#### Task to carry out:
Here is a listing, set out below; repeat its lines from the one with "The Hunger Games: The" to the last, both included, and leave out the pictures.

#### The data:
■ ■ ■

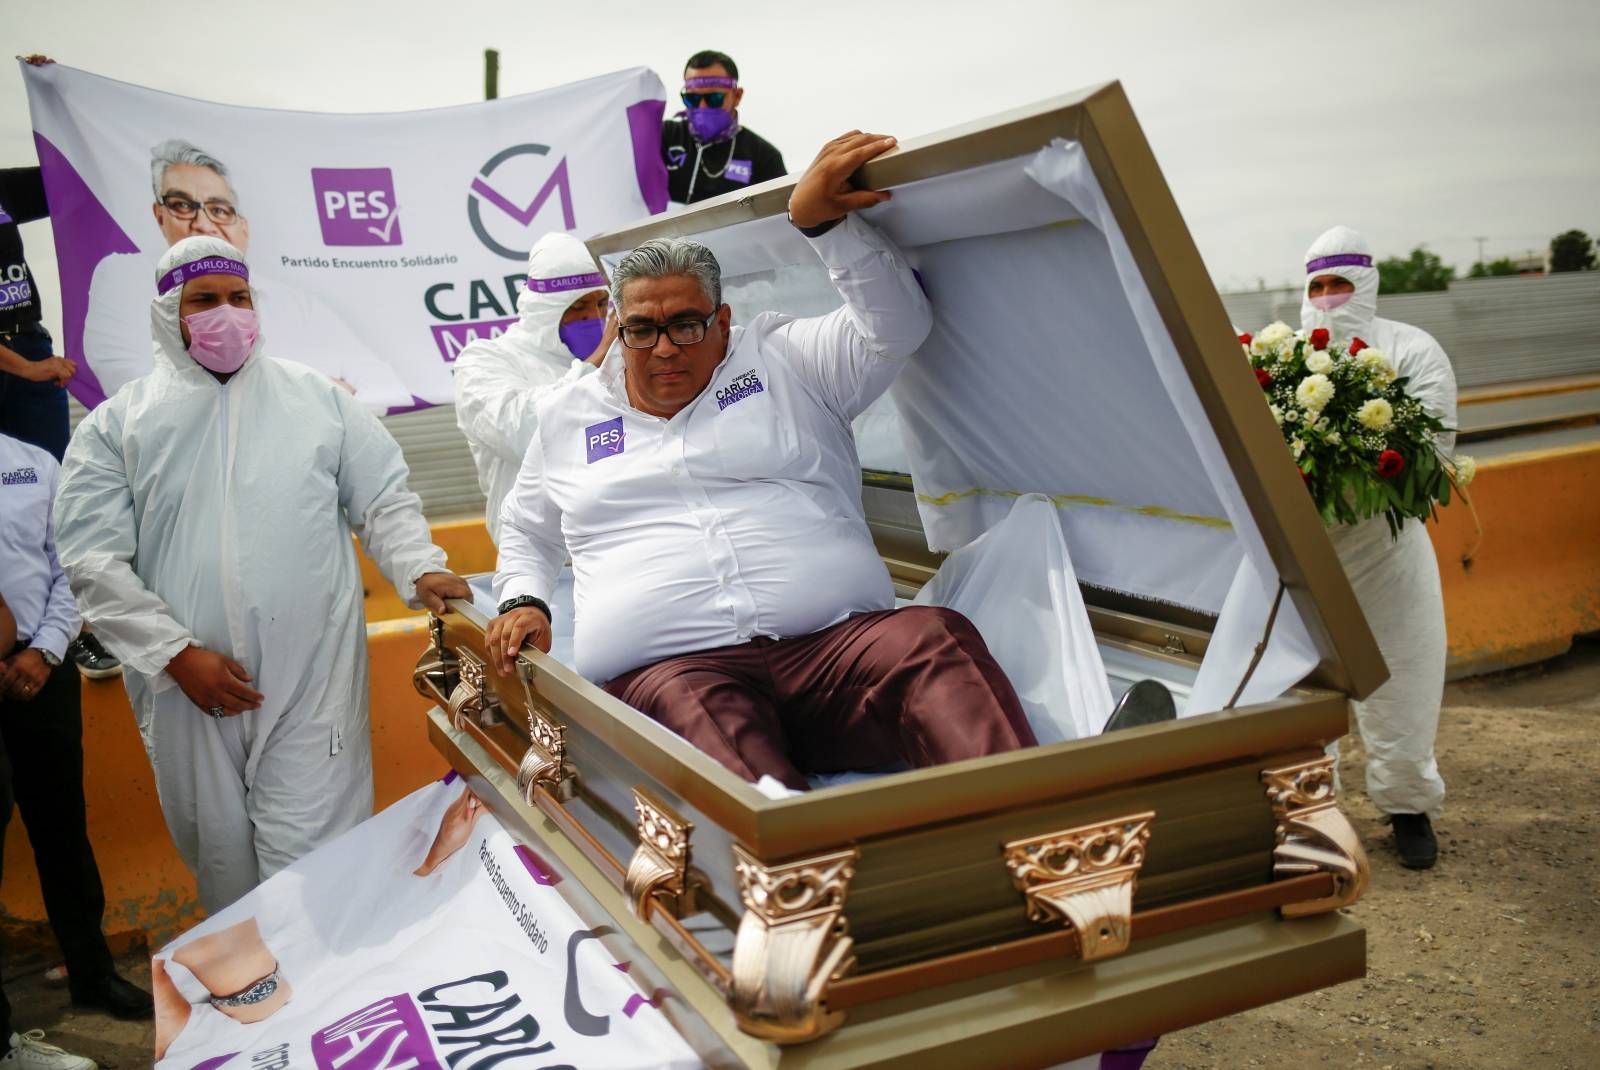 Carlos Mayorga, Mexican candidate for federal representative, emerges from a coffin as part of his campaign slogan "If I don't deliver, let them bury me alive" near the Zaragoza-Ysleta international border bridge, in Ciudad Juarez
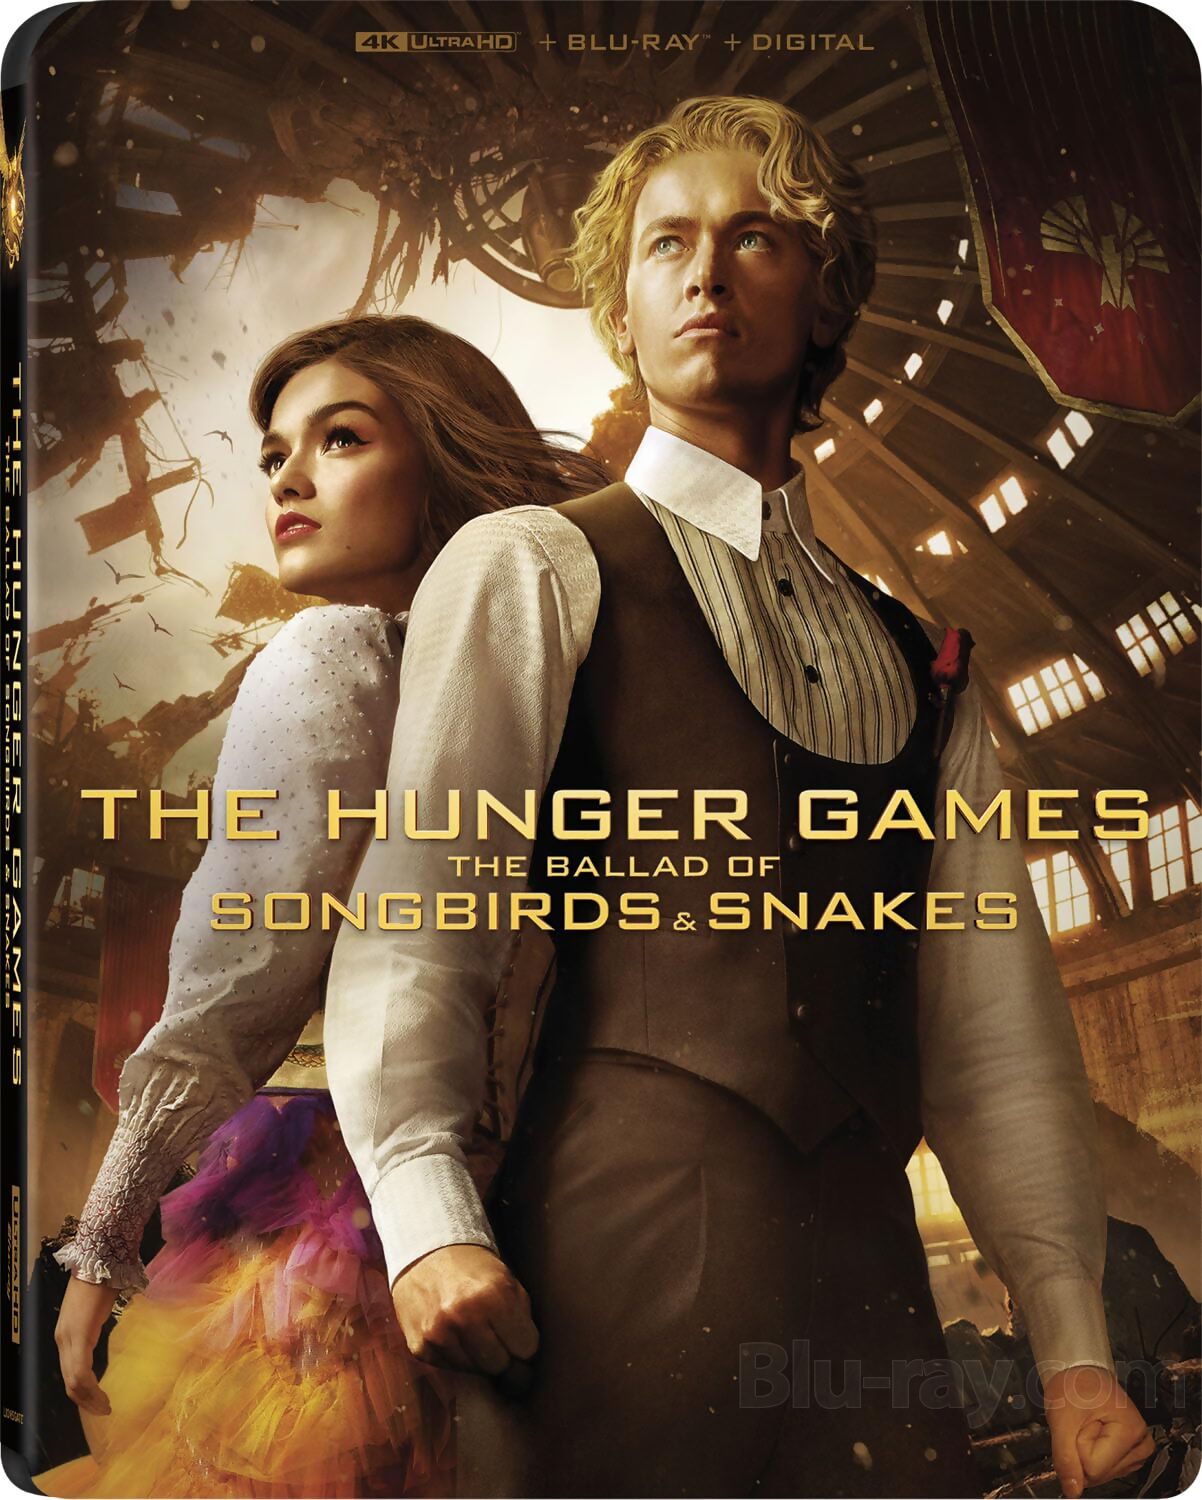 The Hunger Games: The Ballad of Songbirds and Snakes 4K UHD + Blu-ray with Slipcover (Lionsgate U.S.)
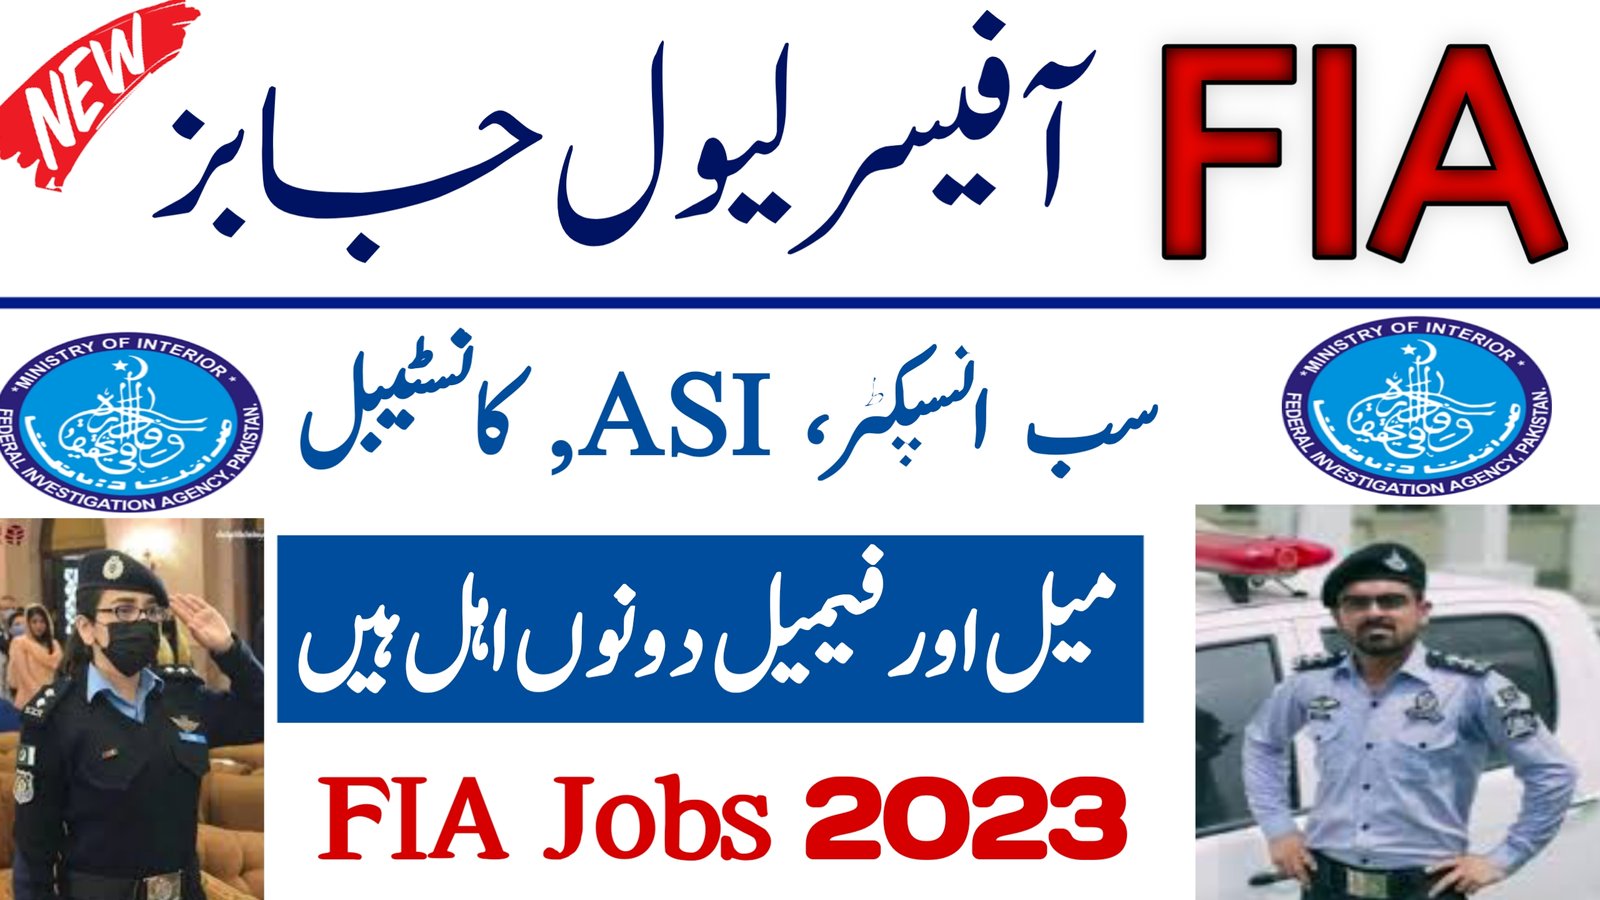 How to Become Inspector and ASI in FIA for Males and Females

■ ■ ■

#### Task result:
 The Hunger Games: The Ballad of Songbirds and Snakes 4K UHD + Blu-ray with Slipcover (Lionsgate U.S.)
 How to Become Inspector and ASI in FIA for Males and Females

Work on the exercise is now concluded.